Based on a long-term analysis of historical data, the average positive and negative daily returns are approximately 0.54% and -0.57% , respectively. The estimated daily return in both directions based on their probability of occurrence is 0.28% and -0.27% . Yesterday´s return was -0.16% , well below the first standard deviation. Our scoring is currently positive (2 ) for the month-on-month change and 2 for price indexation. This means that we are in the positive phase of the cycle in both scorings, which range from -3 up to 3 . The development of the estimated cycles based on our analytical systems is shown in the following chart.
Different moving averages (MAs) help us better identify trends across multiple time frames. We use 3 basic MAs to find out which sentiment dominates each horizon. The purple line represents the monthly , the green line the 6 months and the yellow line the annual moving average. According to all MAs, AUD/USD is in a bearish sentiment because it is below them. In the event of growth, the monthly MA could be the first important resistance for the exchange rate.
Since our last analysis, there have been more downward trends with a maximum of 3 consecutive days. However, the total maximum in the measured period is 11 days. The upward trends did not exceed more than 4 days in the same period with a maximum in the total measured period of 7 days. We could use the average long-term ATR (Average True Range) obtained from daily data (0.96% ) to estimate Stop Loss orders for our positions. The current value is 0.78 %, which is almost an average value. Approximately 90% confidence interval (return between -1.2% and 1.2% ) is shown in the histogram below by a red rectangle.
We could use the last decile of low to high returns (1.75% ) to estimate Profit Targets, as shown in the chart below.

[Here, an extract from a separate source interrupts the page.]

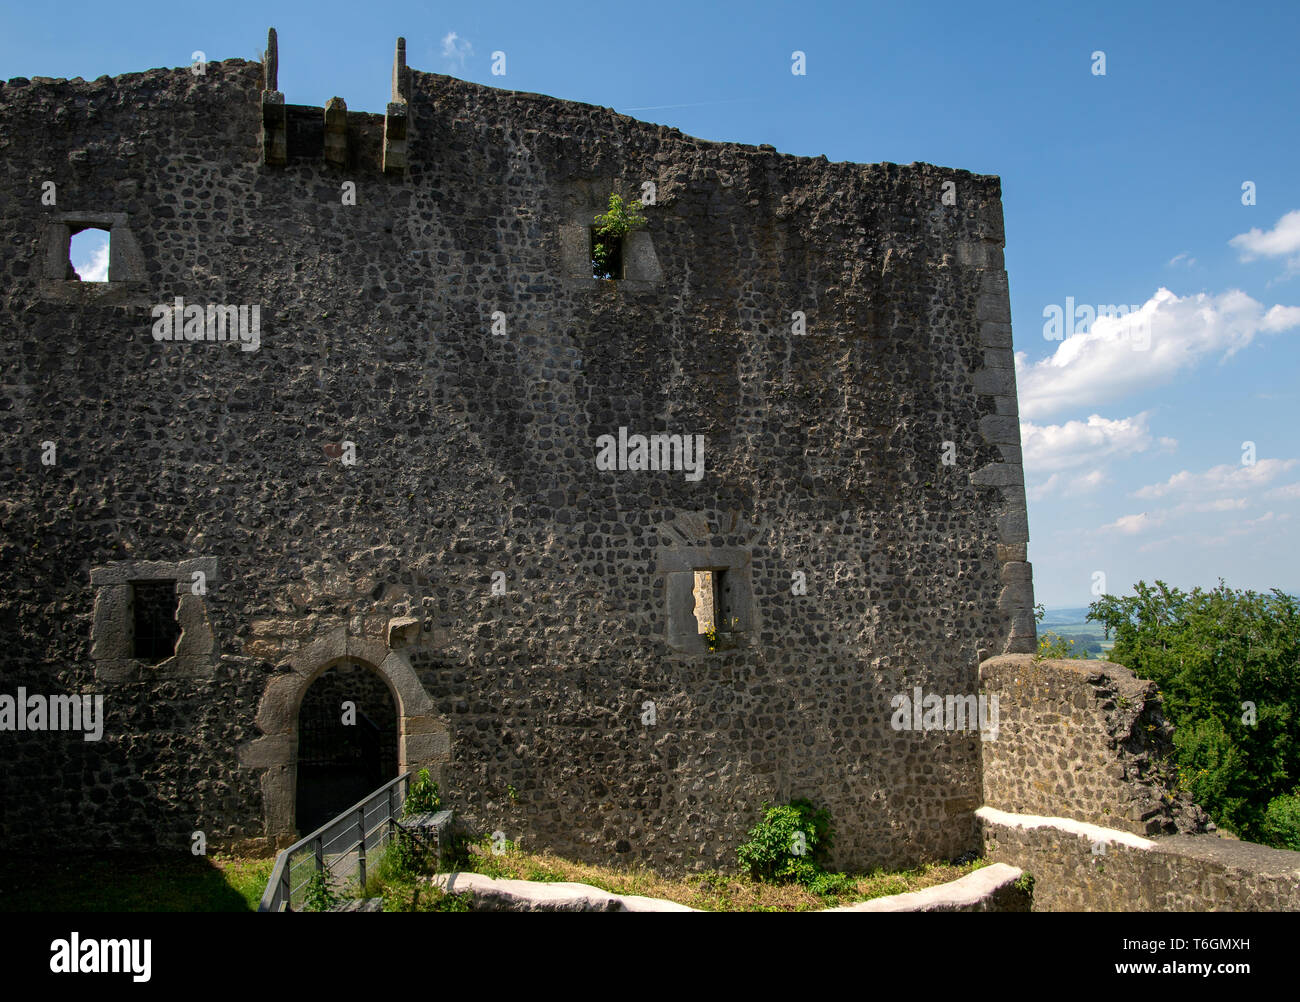 Old ruin of the castle Weidelsburg Stock Photo
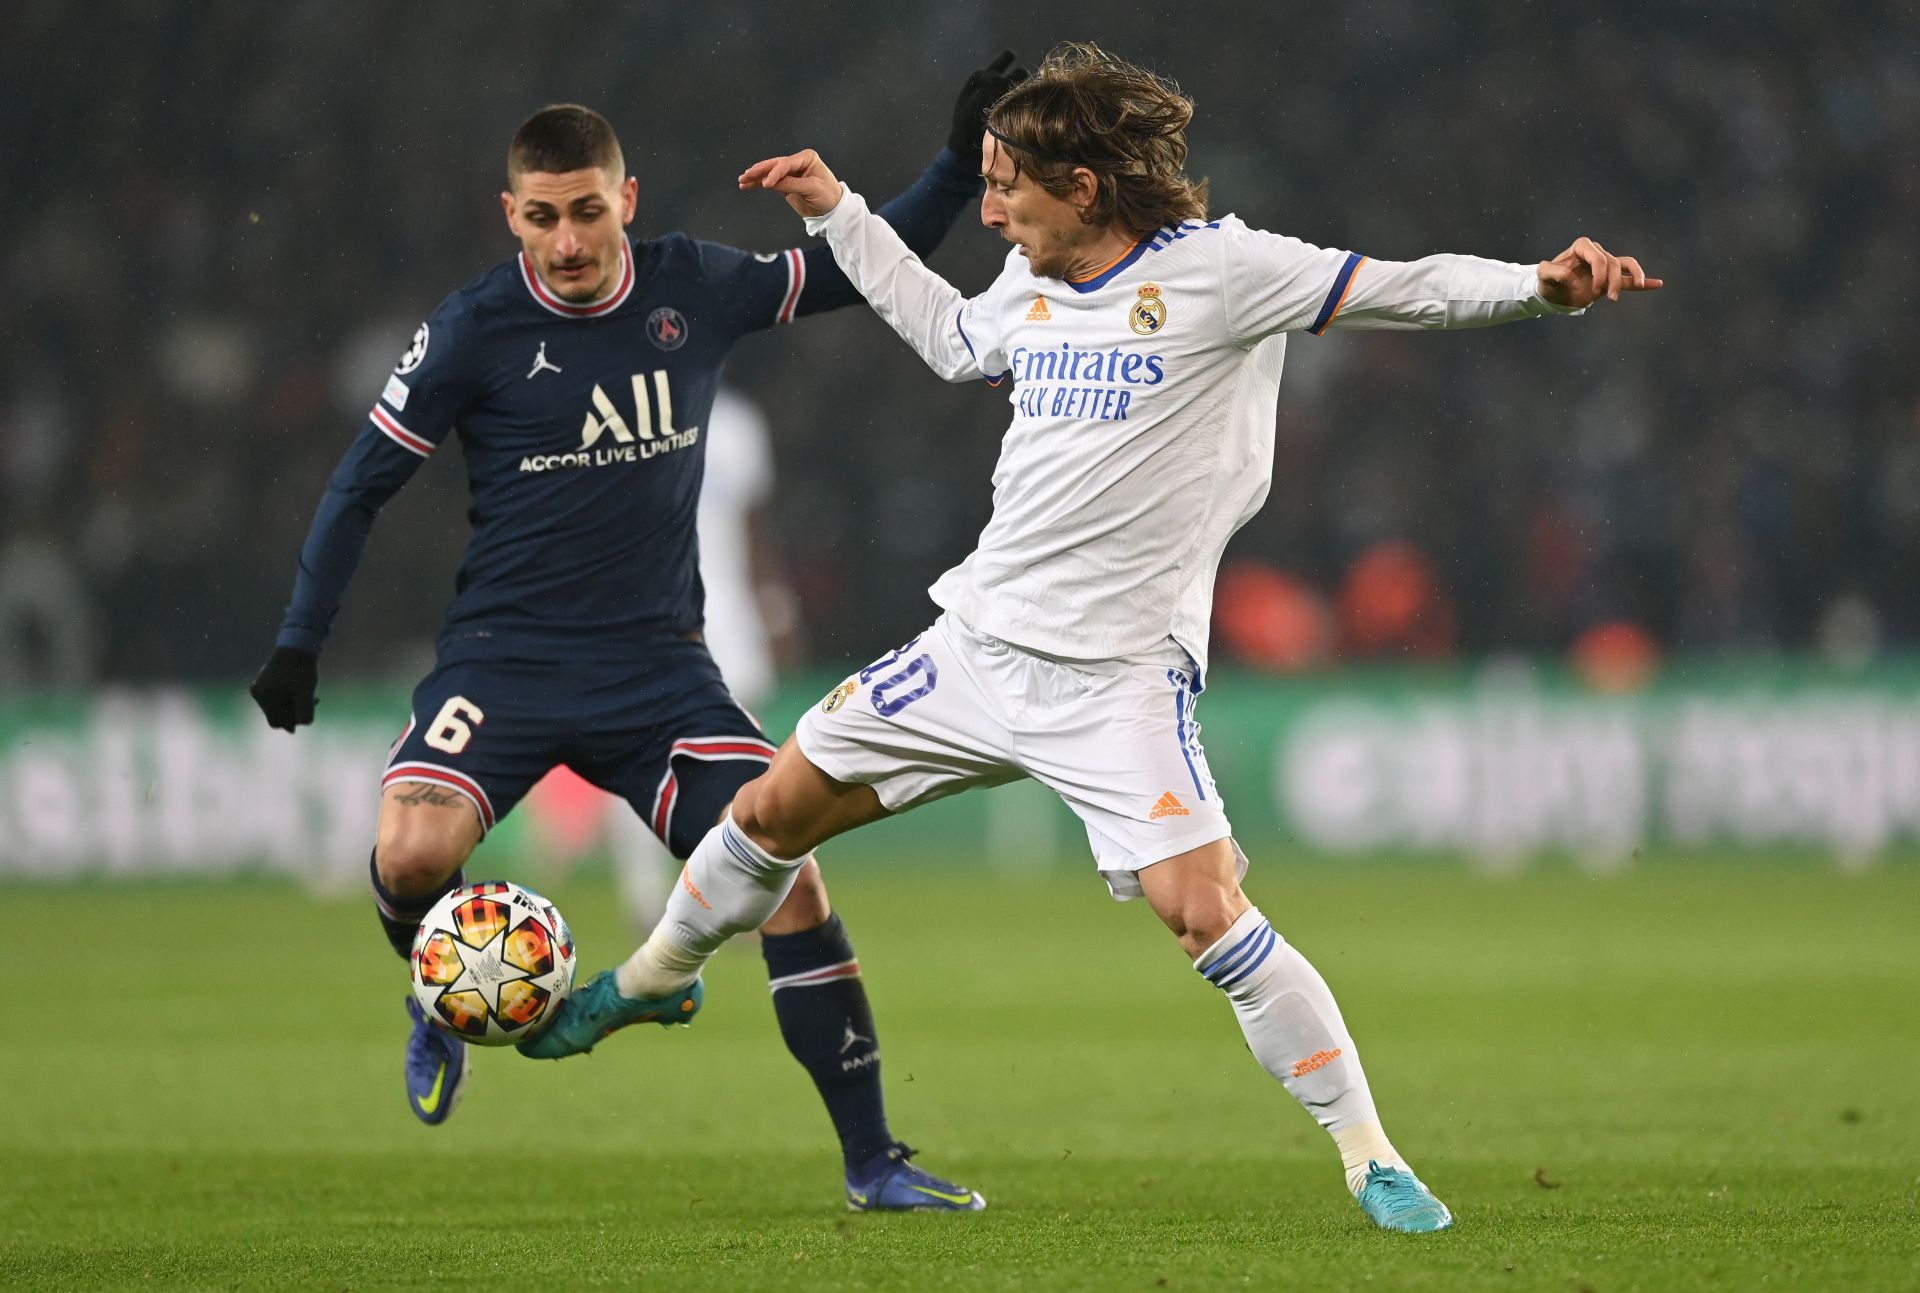 Marco Verratti is going to be key for PSG in the midfield against Real Madrid

Basic technical analysis still supports short-term bearish sentiment as the exchange rate creates lower lows and lower highs. This pair fell below an important psychological level of 0.7600 last month. It is currently also below the 0.7400 level, where is also the Fibonacci retracement level of 23.60% . However, we can also clearly see the bullish divergence between the market price and the RSI. In the event of a further decline, the demand zone (green rectangle) with the Fibonacci retracement level of 38.20% and the psychological level of 0.7000 could be important for bulls.